— Нравится что? Быть прислугой? Дипломированной домоправительницей? Пройдет еще пара лет, и ты полностью дисквалифицируешься. Кто возьмет тебя на работу? И кем? Кухаркой? Горничной в отеле? Официанткой?
— Что за глупости, мама! Я знаю два языка...
— Эта воронка затягивает. Стоит только попасть, и уже не выберешься. Твой муж достаточно богат, чтобы нанять прислугу, а не делать ее из собственной жены.
— Но мне нравится готовить! Зачем мне кухарка? Я хочу сама заботиться о своем муже.
— Домашняя хозяйка никому не интересна, и первым это понимает именно муж.
— Ты думаешь, я стану интересней, если начну полдня толкаться в метро и работать на чужого дядю? Я много читаю, общаюсь с умными людьми, не хожу в засаленном халате и мою голову, если ты это имеешь в виду. Я счастлива, мама! Разве не это главное в жизни?
— Надо думать о будущем!
— То есть в муках ковать свое гипотетическое завтра? А я хочу жить сегодня. Сейчас!

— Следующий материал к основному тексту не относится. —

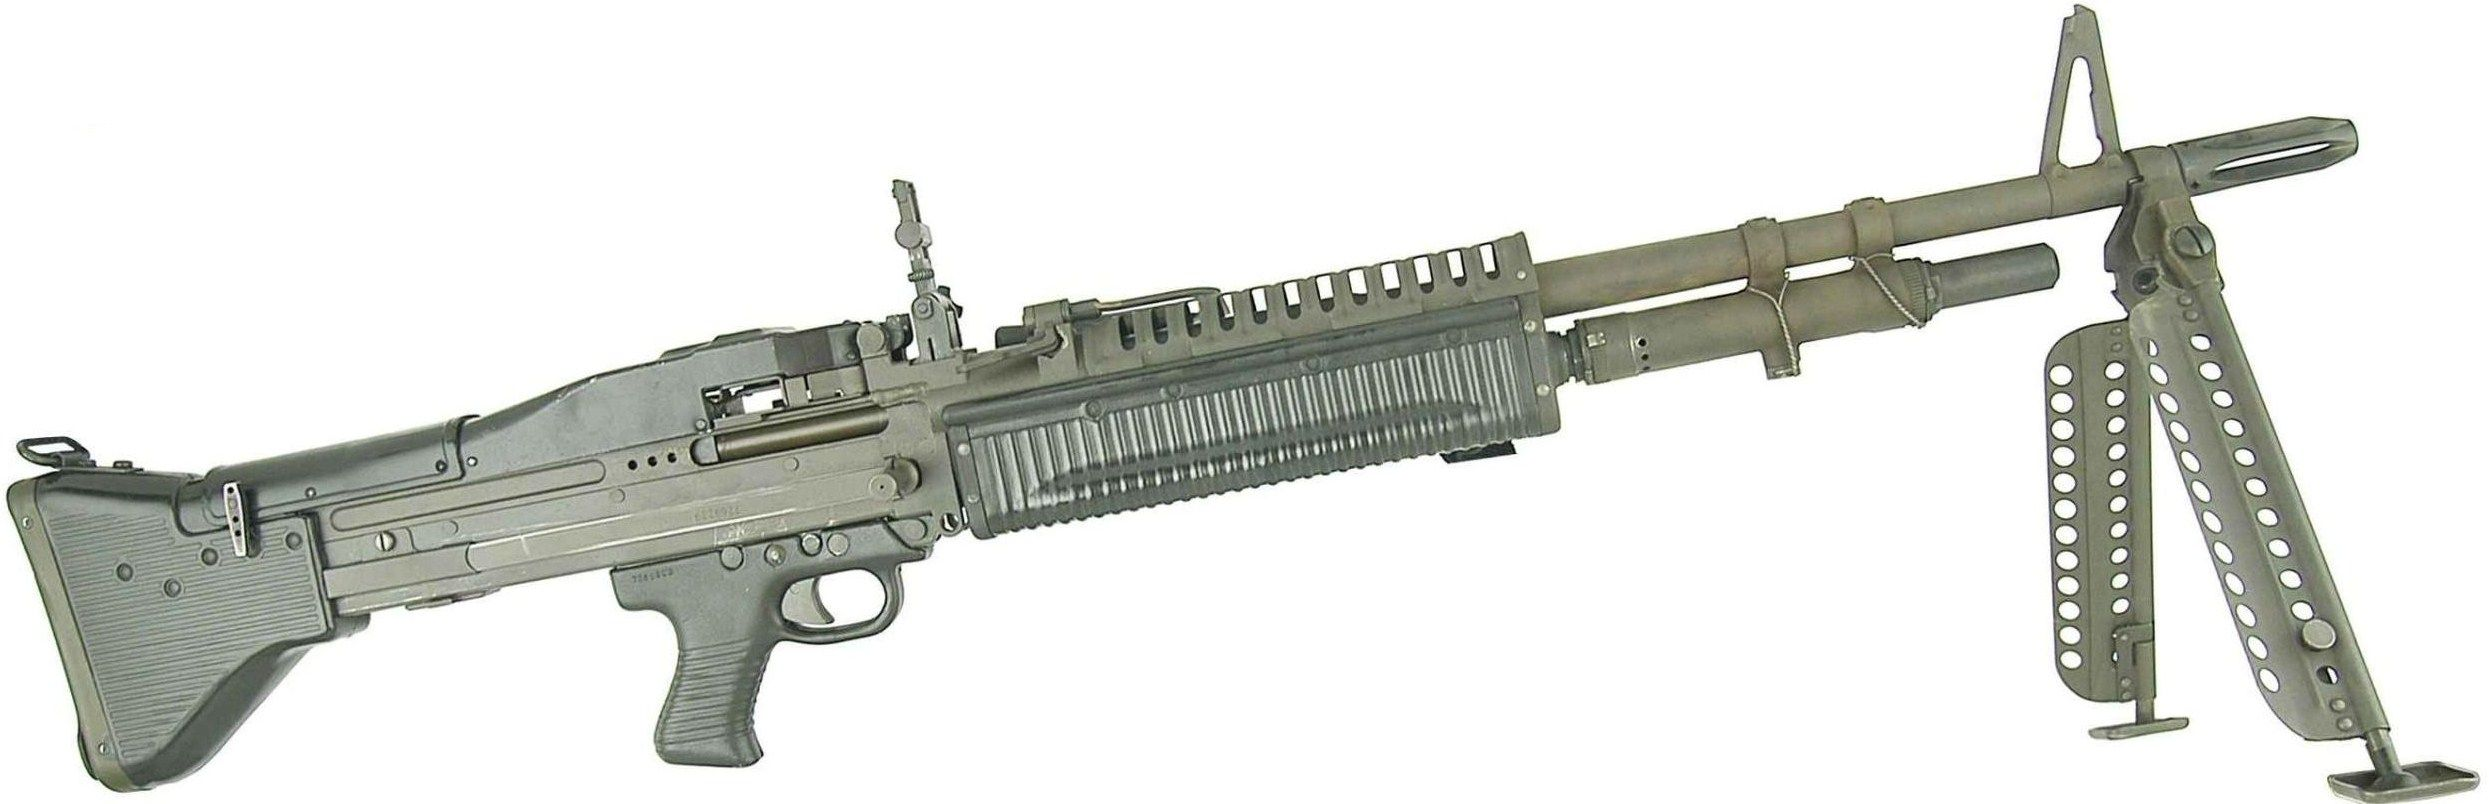 RAMBO FILM M60 MACHINE GUN ACTION ART HUGE LARGE  GIANT POSTER PRINT

Значит, знала Катя, что жить ей оставалось недолго и счастье будет коротким? И спешила успеть вперед нарадоваться за всю не выпавшую на ее долю жизнь, взять из нее в коротенькое сегодня отмеренное на долгие годы счастье? Но ведь мечтала, строила планы на эти самые годы. Выходит, все же не знала, не чувствовала неумолимо надвигающегося конца? Или не могла поверить...
Но мысли эти пришли к нему уже потом, много позже, вместе с воспоминаниями, которые тогда еще были жизнью.
Катя-Катерина, девочка-мечта, не успевшая стать привычкой. Маленькая фея, случайно залетевшая в его дом. Ушла — и звезды погасли. Он один бредет в темноте. «Жизнь во мгле». Кто это написал? Звучит красиво...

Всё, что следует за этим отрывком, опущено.